‘I’m taking the other test.’
Nash stared after her. What the hell? Following her, he found her pawing through her handbag in the kitchen. ‘The other test?’
‘They didn’t have any single test kits,’ she said, locating the other pink box and heading for the toilet.
‘There’s no point,’ he said, following her. ‘it’ll be the same.’
Maggie turned around. ‘It’s wrong. It has to be.’
She was trying not to get excited. Trying not to get carried away. How many tests had she done in the past convinced she was pregnant? How many times had her hopes been raised, only to be dashed so wretchedly?
Nash sighed, resignation already taking a firm foothold in the mountain of his blind panic. ‘It’s not. You don’t get false positives. Only false negatives.’
If he’d had any idea how much Maggie wanted to cling to that, he would have kept his mouth firmly shut. But she’d been down this road one too many times. She was forty, for crying out loud.
And infertile.
‘It’s wrong,’ she insisted, before closing the door in his face.
Because if he was right, if the test was right, it would be just too surreal.
Nash paced outside, his brain churning, thoughts tossing around like garments in a tumble-dryer. He checked his watch. A minute later he checked it again. What the hell was taking her so long?
‘Maggie.’ He banged on the door. ‘What on earth are you doing in there?’ he growled.

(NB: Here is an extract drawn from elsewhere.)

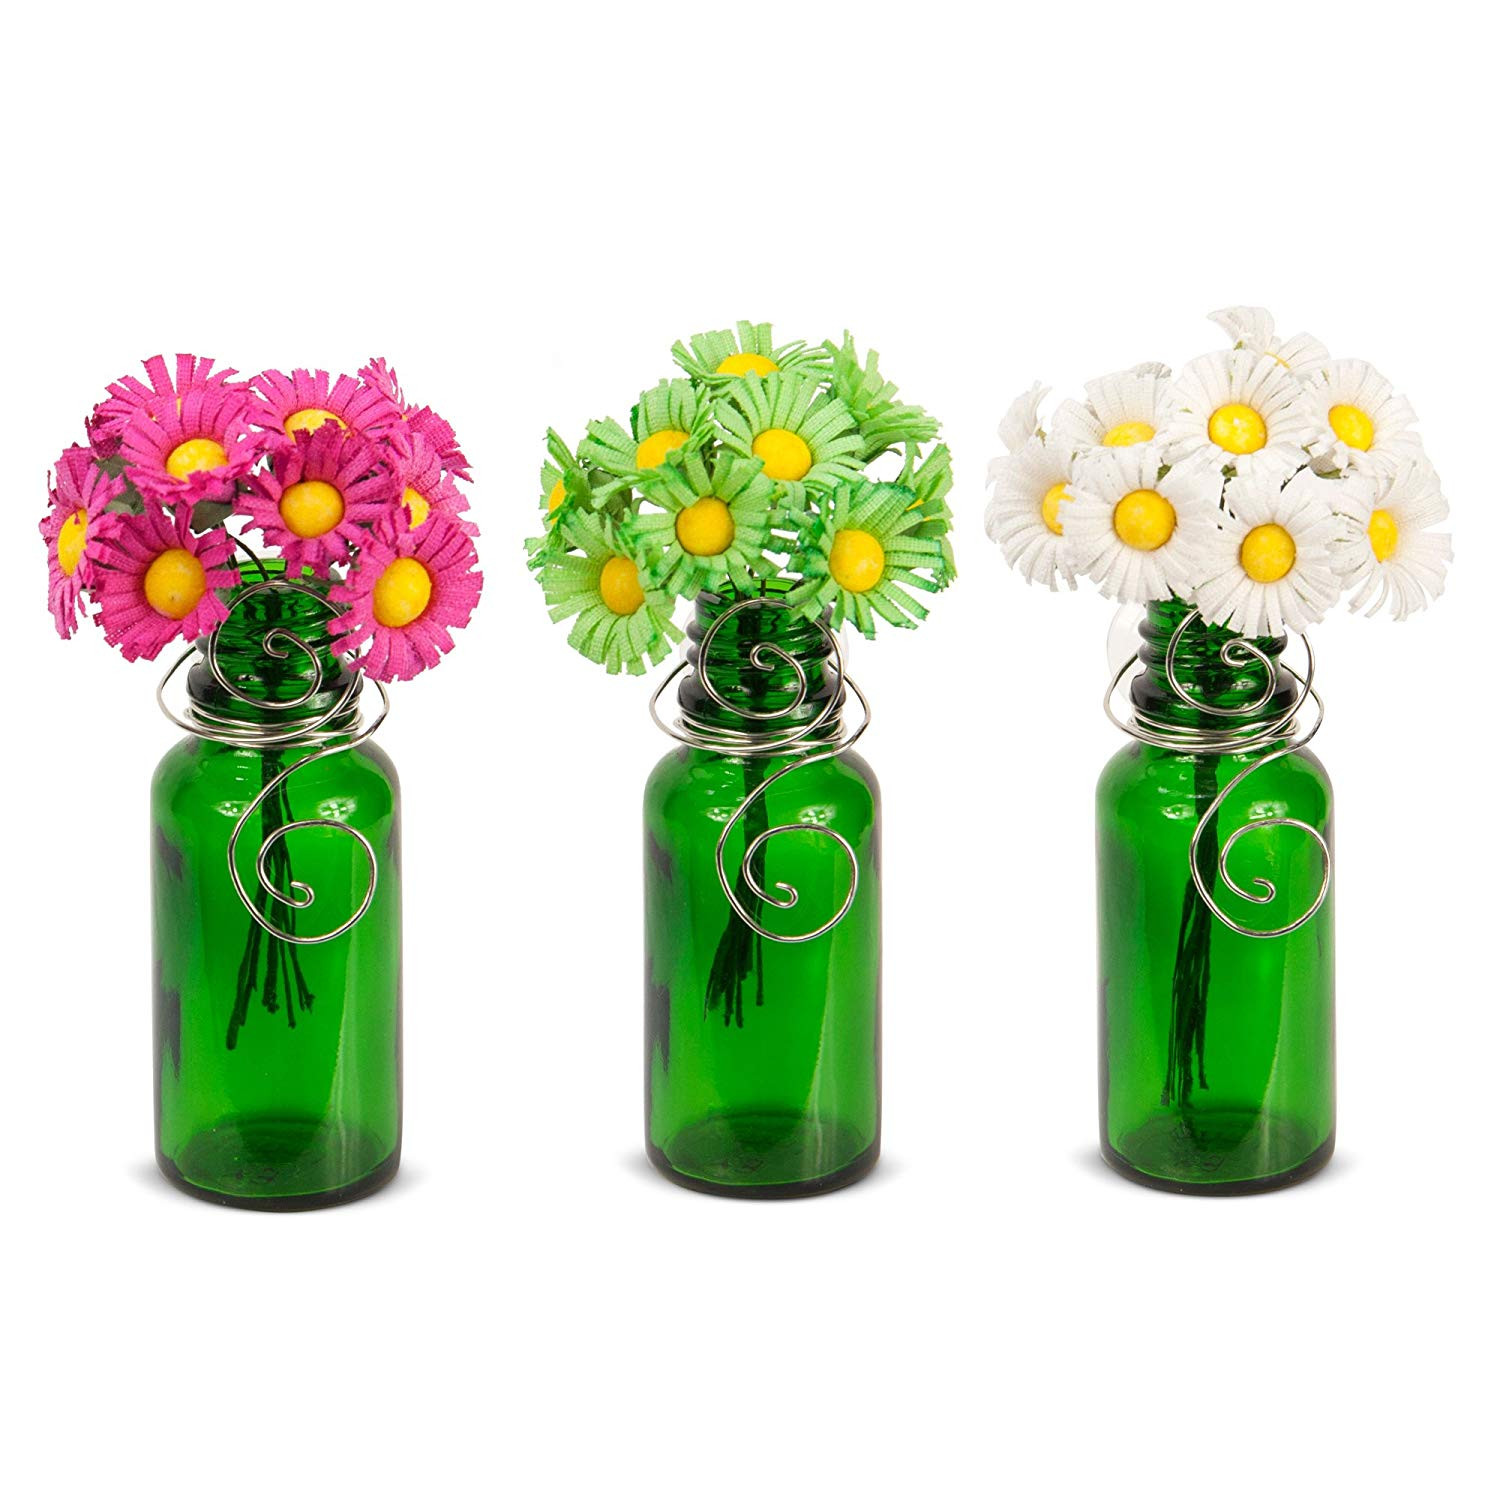 15 Cute Modern Art Glass Vase 2024 free download modern art glass vase of amazon com vazzini mini vase bouquet suction cup bud bottle in amazon com vazzini mini vase bouquet suction cup bud bottle holder with flowers decorative for window

How long did it take to wee on a stick?
Maggie startled. The flow she was trying to coax instantly disappeared. She couldn’t believe her bladder was choosing this moment for an attack of performance anxiety. She could see the shadow of Nash’s pacing footsteps in the polished floorboards under the crack of the door which was putting her urinary tract under a lot more pressure.
‘Give me a break,’ she said crankily. ‘I only did this twenty minutes ago. It’s not a bottomless cup.’
‘Do you want me to turn a tap on?’
Maggie glared at the door. ‘I want you to go away.’
‘I’m not going anywhere.’
Great! Maggie shut her eyes and concentrated. Hard. On waterfalls and pouring rain and dripping taps. And warm, yellowish fluid of another origin. Surrounding her baby. Nourishing it. Cocooning it. Protecting it. Rocking it to sleep.
She smiled at the thought and finally found the release she was after.
This time she looked straight away, preparing to count to one hundred and twenty Mississippi’s before she saw a change in the test window. But it was there already.
Another pink plus sign.
Maggie stood for a few seconds, just staring at it, until another bang on the door interrupted the sheer incredulity she was feeling.
‘Damn it, Maggie.’
Opening the door, she found Nash looking equal parts harried and annoyed. And when he quirked his eyebrow at her she said, ‘I’m pregnant,’ and promptly burst into tears.
***
Nash stood, temporarilyparalysed, as Maggie’s face crumpled and great heaving sobs screwed her face into a mask of utter grief.
Oh, God. Not tears. How could he be angry with her when she was so heartbroken?
Still, he was surprised at her reaction. For a woman who’d spent a good part of an entire decade and a lot of hard-earned money trying to get pregnant, he’d thought she’d be ecstatic.